“But are they good ones?”
“Probably not, but hey, my life sucks anyway. What’s a little more grief before another dreary Christmas?”
“Do you plan to keep the baby?”
“No.”
“Your reason?”
“One dead end life dragging another one down the same trail? I don’t think so.” She climbed out of the SUV and blew him a kiss. “You’re a lovely man, Mr. Battle. I look forward to knowing you better.”
“Amber,” he asked, “Why didn’t you tell your friends you were pregnant until now?”

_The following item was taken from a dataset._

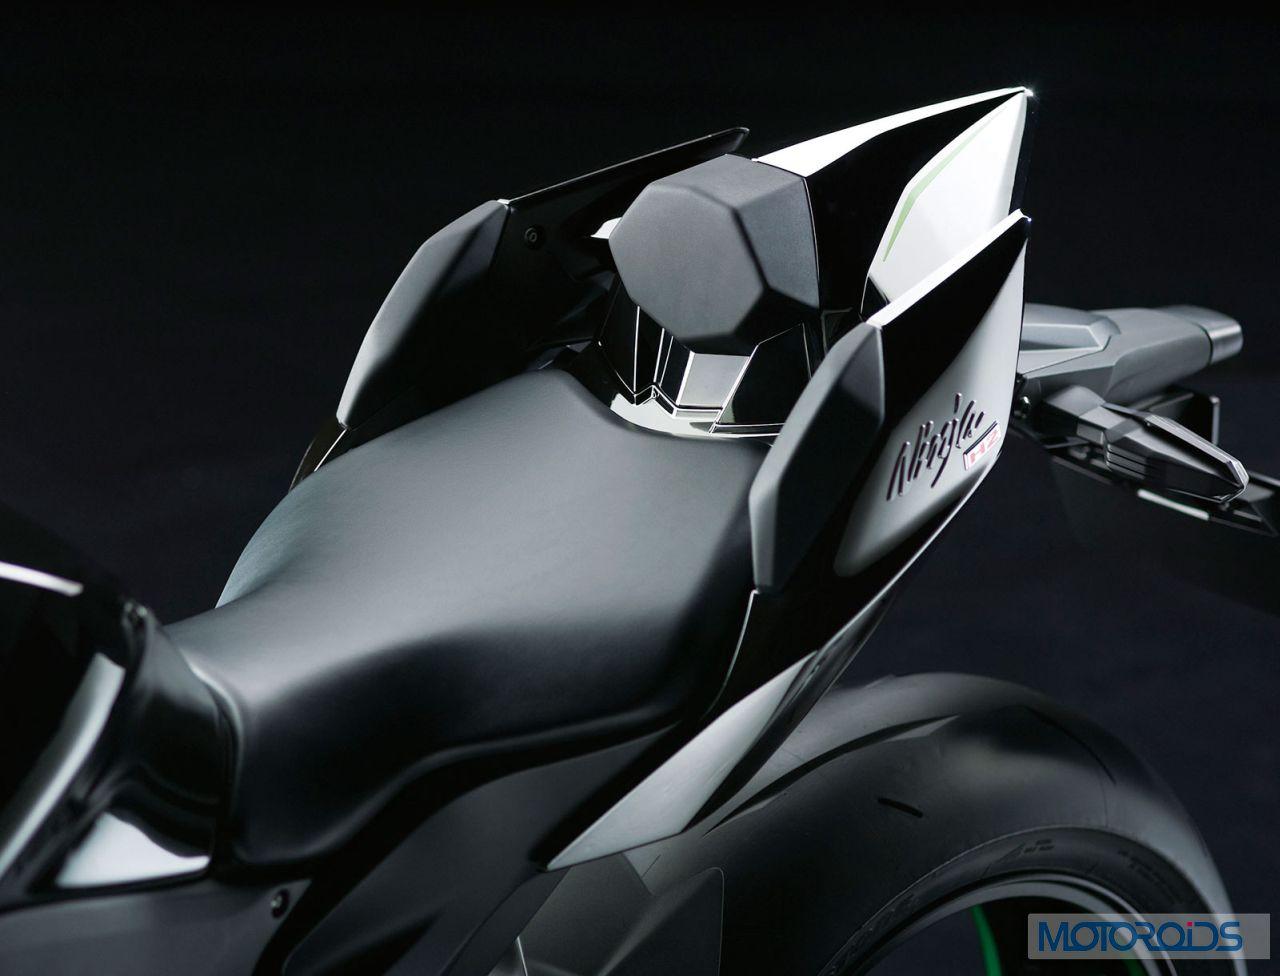 Kawasaki-Ninja-H2-Official-Image-29-Seat

“I’m not all that close to them anymore, I guess. See how they made fun of me? That’s not what a real friend does.”
“Find new ones.”
“I’m sure there are lines around the block of people waiting to befriend a pregnant orphan with an attitude,” she remarked. “Maybe after I give my baby away.”
“Goodnight, Amber.”
“Goodnight, teacher man.”
He bent over the steering wheel and watched her until she was safely inside, then drove himself back to Loomis House. Tears streamed from his eyes and a new pain pounded in his chest. It wasn’t from the cancer. It was his heart breaking.
CHAPTER TWENTY-ONE
When John Battle woke up the next morning, he found his face in a sticky, half-dried pool of blood. He examined the blood on the sheet, rubbing it between two fingers. It was thicker than any blood he had ever seen. His mouth and nose were still bleeding, too. He could taste a coagulating, rotting death in his mouth.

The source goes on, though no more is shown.